Alternatively, if she recommends sell while the other four recommend buy and the company’s stock price then goes up, she becomes a triple loser.  Not only was her recommendation wrong, but her error was conspicuous, since rival analysts got it right.  Adding insult to injury, her employer would suffer the ill will of a potential client.  All things considered, the safest bet for the individual analyst is to herd with the expected recommendations of other analysts.  Each understands that the interests of other analysts’ employers’ are, like those of her own, better served through buy recommendations. In addition, other analysts are making forecasts not only of how the company’s stock will perform but also of what other analysts will recommend.  So it is easy to see why the analyst’s safest bet is a buy recommendation.   But as careful investors eventually learn, a buy recommendation conveys little useful information about a stock’s future price.

Does the world have too many hedge fund managers?
What are the career aspirations of the nation’s most accomplished and ambitious students these days? I haven’t seen a formal survey, but a rapidly growing percentage of the best students I teach say they want to manage hedge funds or private equity firms.

Why is that?
Little wonder.  This market is what economists call a winner-take-all market — essentially a tournament in which a handful of winners are selected from a much larger field of initial contestants. Such markets tend to attract too many contestants for two reasons. The first is an information bias. An intelligent decision about whether to enter any tournament requires an accurate estimate of the odds of winning. Yet people’s assessments of their relative skill levels are notoriously optimistic. Surveys show, for example, that more than 90% of workers consider themselves more productive than their average colleague. This overconfidence bias is especially likely to distort career choice because, in addition to the motivational forces that support it, the biggest winners in many tournaments are so conspicuous. For example, NBA (National Basketball Association, the US league) stars who earn eight-figure salaries appear on television several nights a week, whereas the thousands who failed to make the league attract little notice.

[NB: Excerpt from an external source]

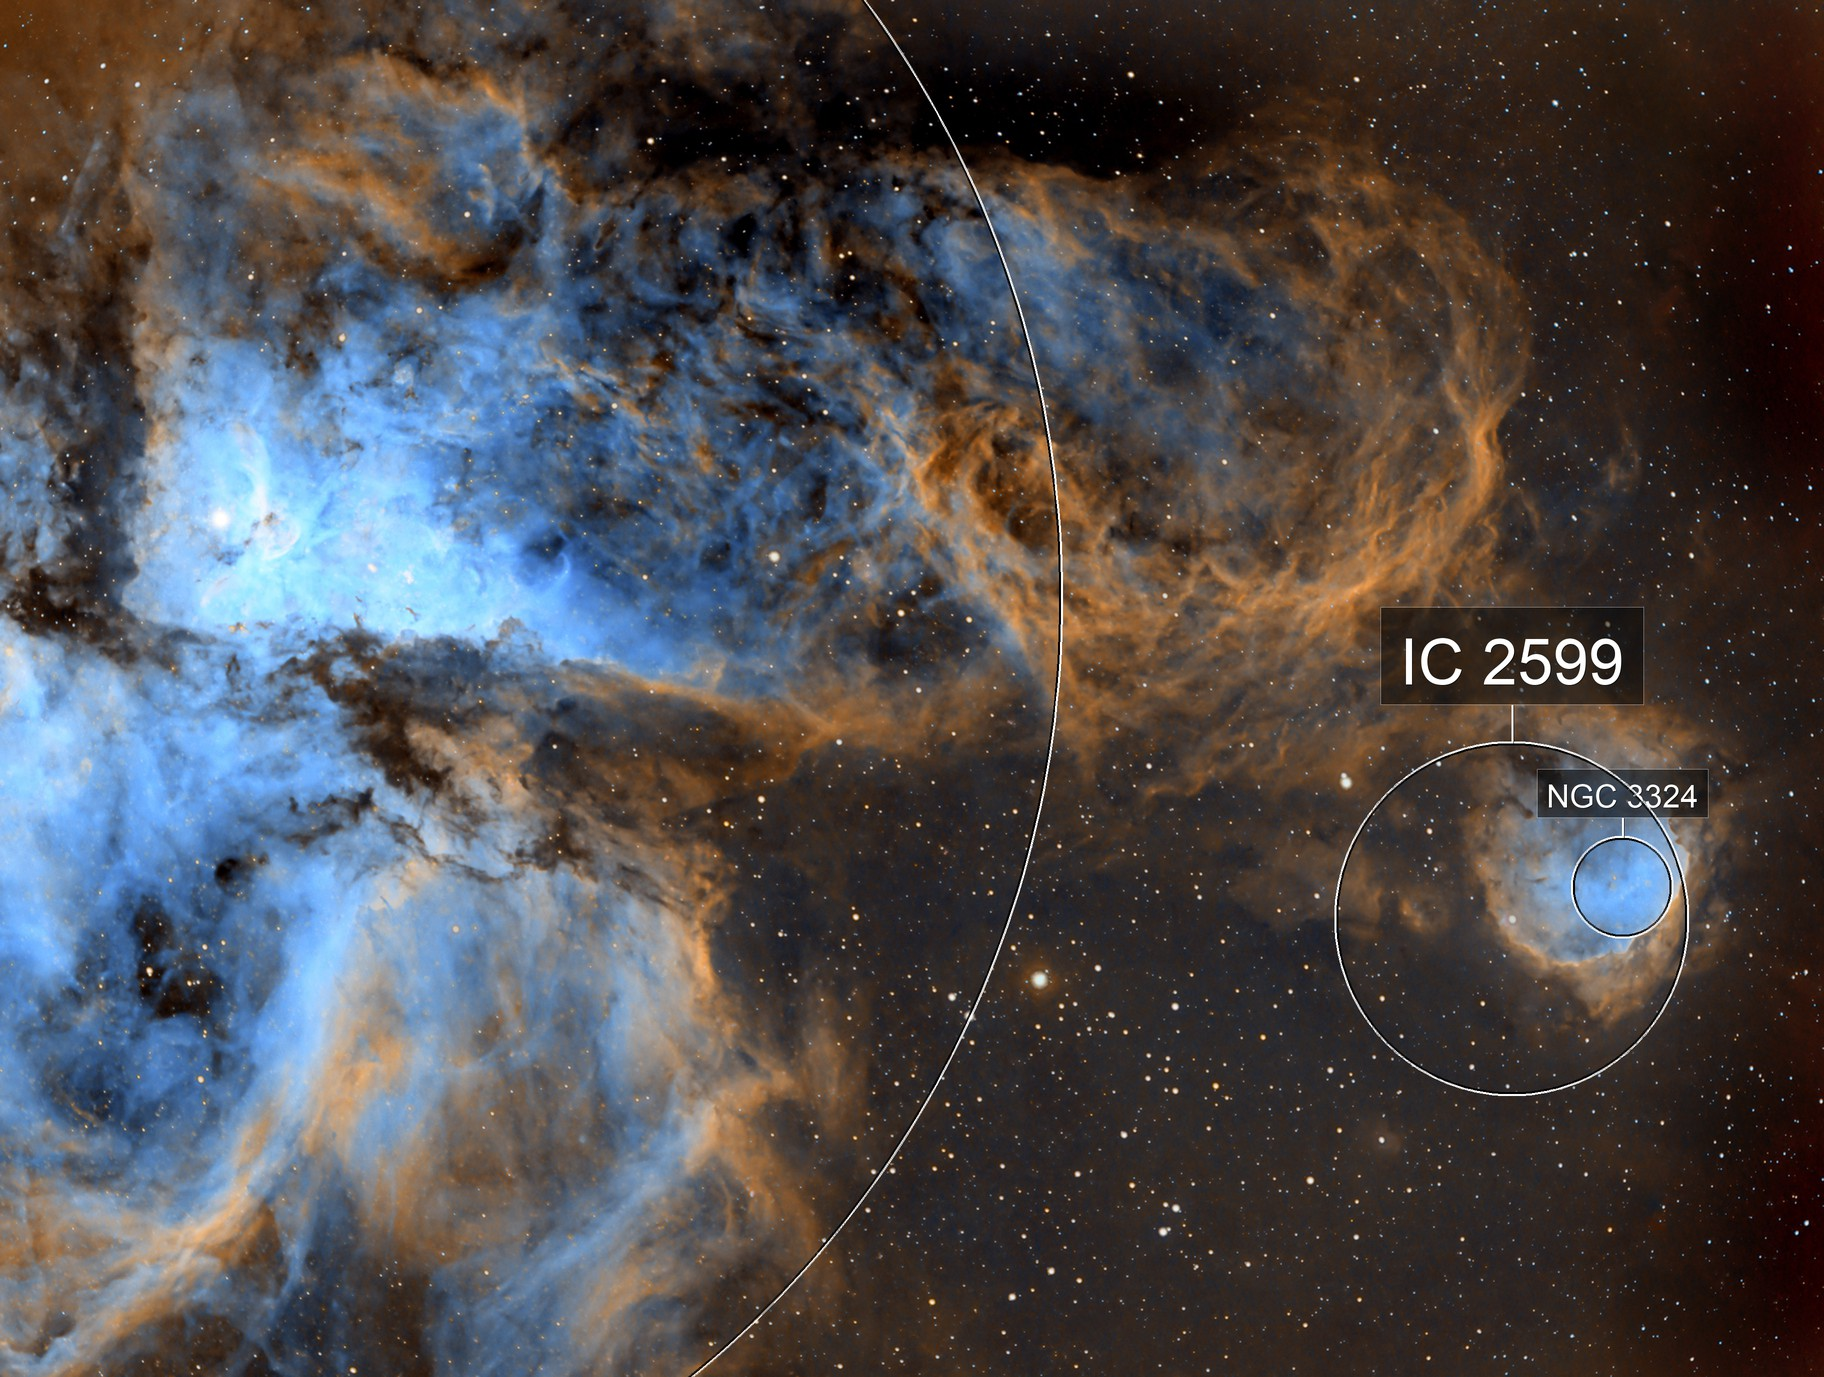 NGC 3324 GABRIELA MISTRAL

So hedge fund managers are also more visible?
Similarly, hedge fund managers with 10-figure incomes are far more visible than the legions of contestants who never made the final cut. When people overestimate their chances of winning, too many forsake productive occupations in traditional markets to compete in winner-take-all markets.

Any other reason?
A second reason for persistent overcrowding in winner-take-all markets is a structural problem called “the tragedy of the commons.” This problem helps explain, for instance, why we see too many gold prospectors, an occupation that has much in common with prospecting for corporate deals. In the initial stages of exploiting a newly discovered gold field, adding another prospector may significantly increase the total amount of gold found. Beyond some point, however, additional prospectors contribute little. The gold found by a newcomer to a crowded field is largely gold that would have been found by existing searchers.

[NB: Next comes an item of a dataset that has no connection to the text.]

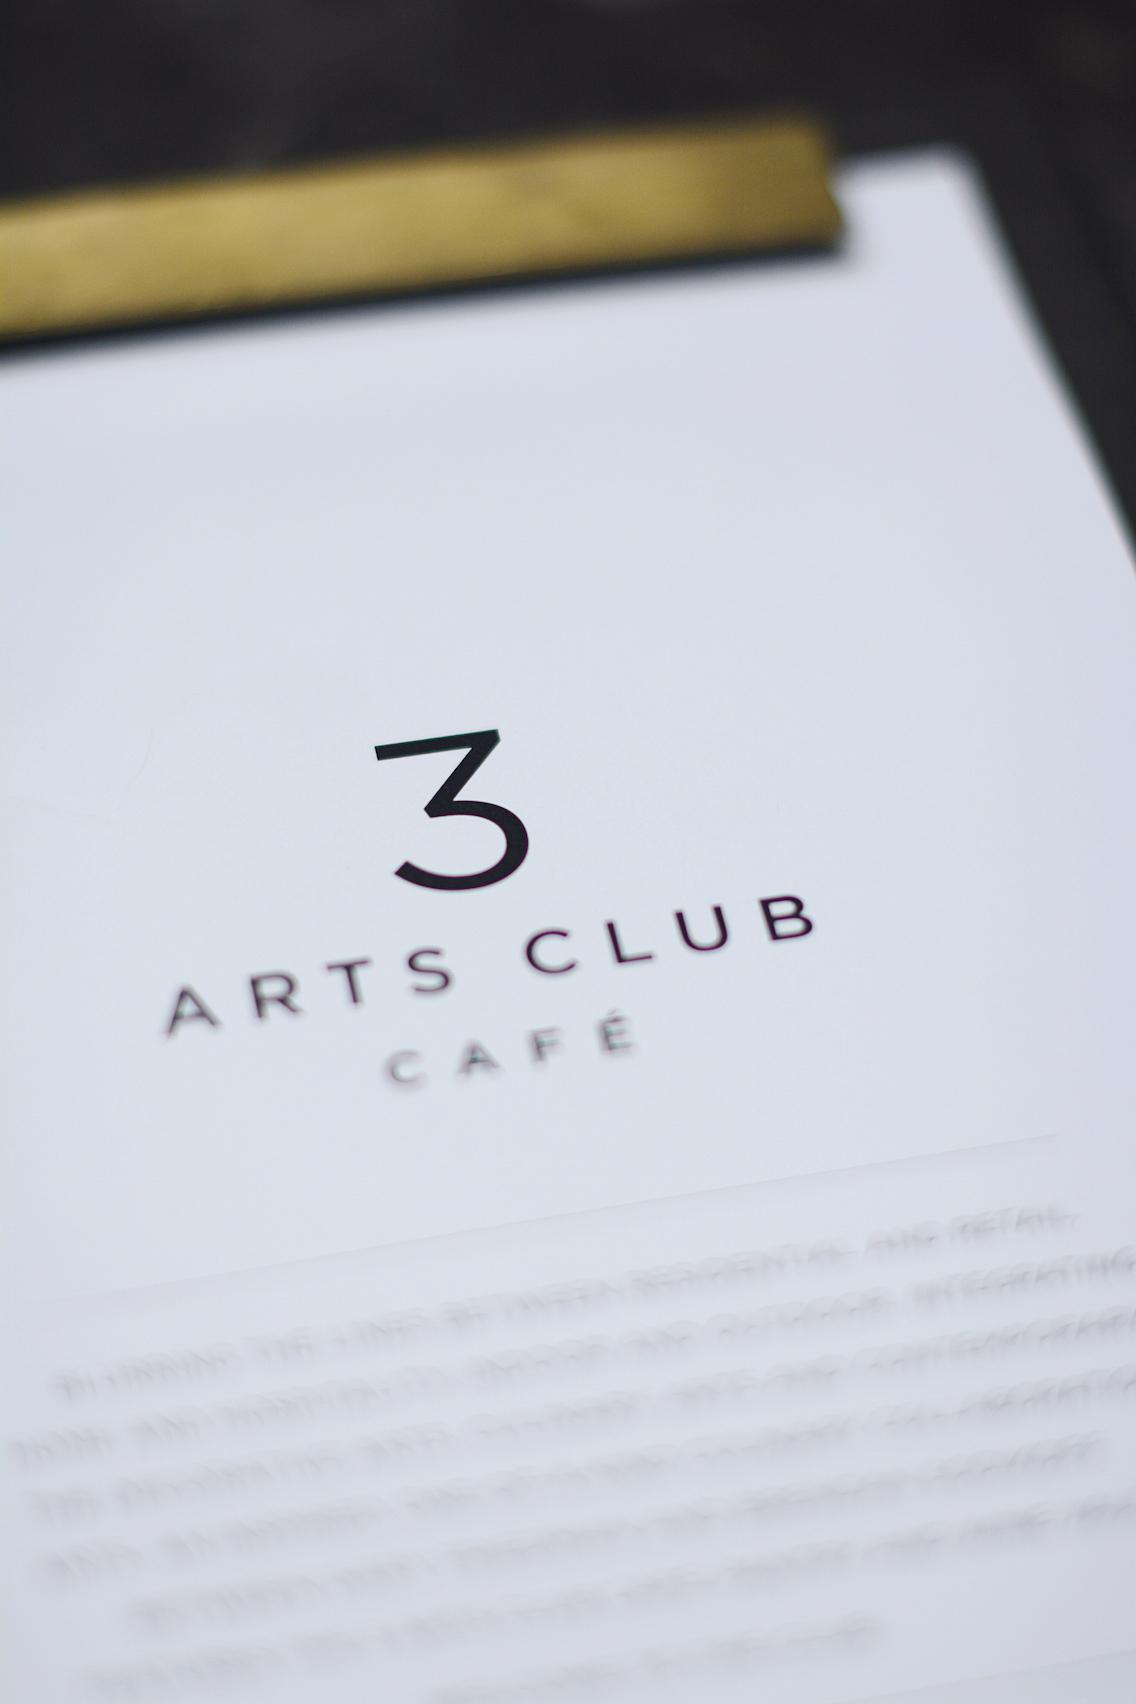 Three Arts Club Chicago 20

Can you elaborate on that?
A simple numerical example helps illustrate why private incentives often lead to wasteful overcrowding under these circumstances. Consider a man who must choose whether to work as an engineer for $100,000 or become a prospector for gold. Suppose he considers the nonfinancial aspects of the two careers equally attractive and expects to find $110,000 in gold if he becomes a prospector, $90,000 of which would have been found in his absence by existing prospectors. Self-interest would then dictate a career in prospecting, since $110,000 exceeds the $100,000 engineering salary. But because his efforts would increase the total value of gold found by only $20,000, society’s total income would have been $80,000 higher had he instead become an engineer.

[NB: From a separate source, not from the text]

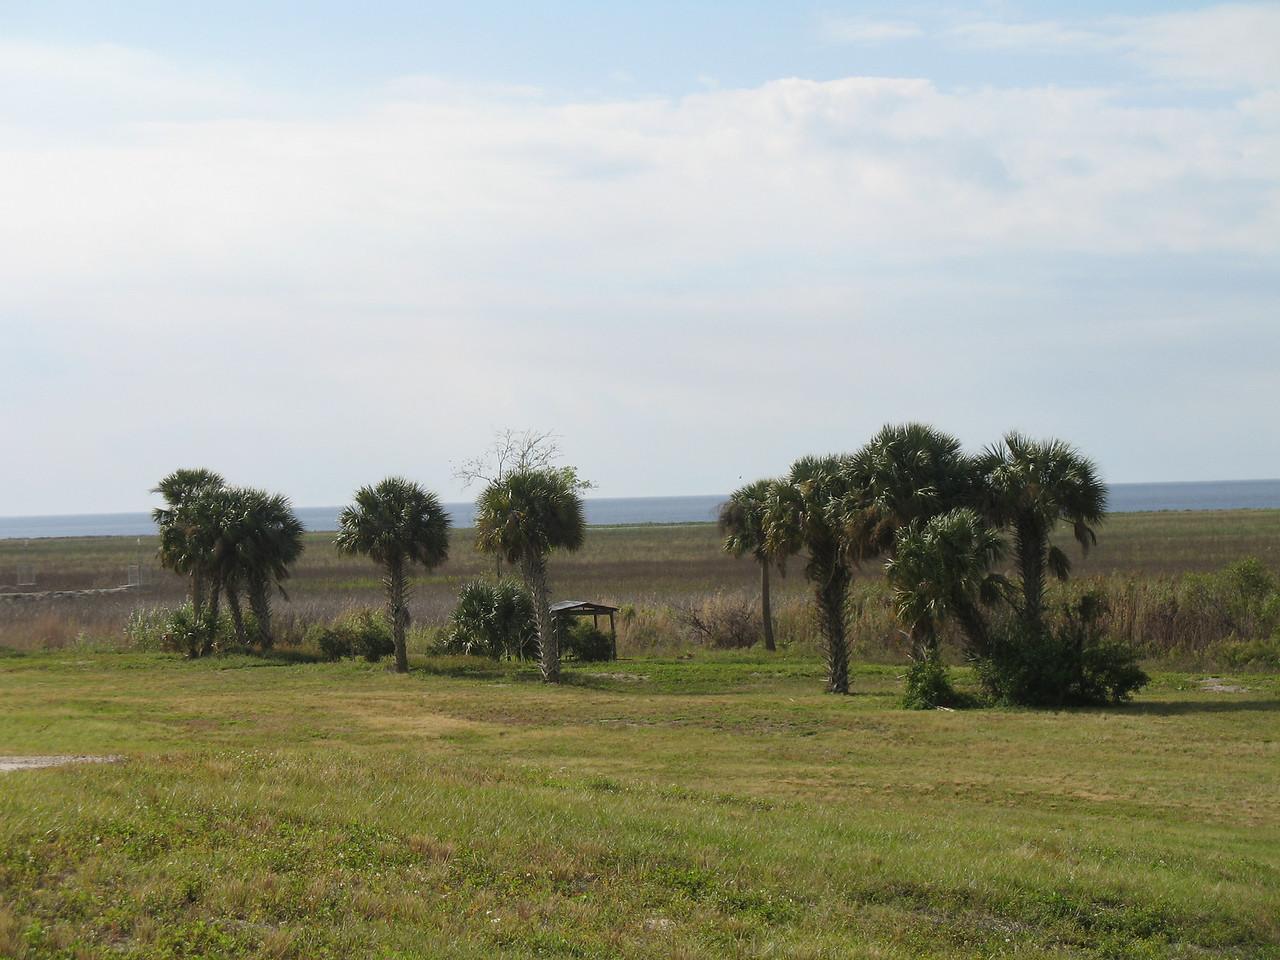 Campsite at Nubbin Slough<br /> PHOTO CREDIT: Sandra Friend / Florida Trail Association

What’s that got to do with hedge fund managers?
Similar incentives confront aspiring portfolio managers. Beyond some point, adding another highly paid manager produces little increase in industry commissions on managed investments.

As in a crowded real estate market, the additional manager’s commissions come largely at the expense of commissions that would have been generated by existing managers. So here, too,
private incentives result in wasteful over-crowding.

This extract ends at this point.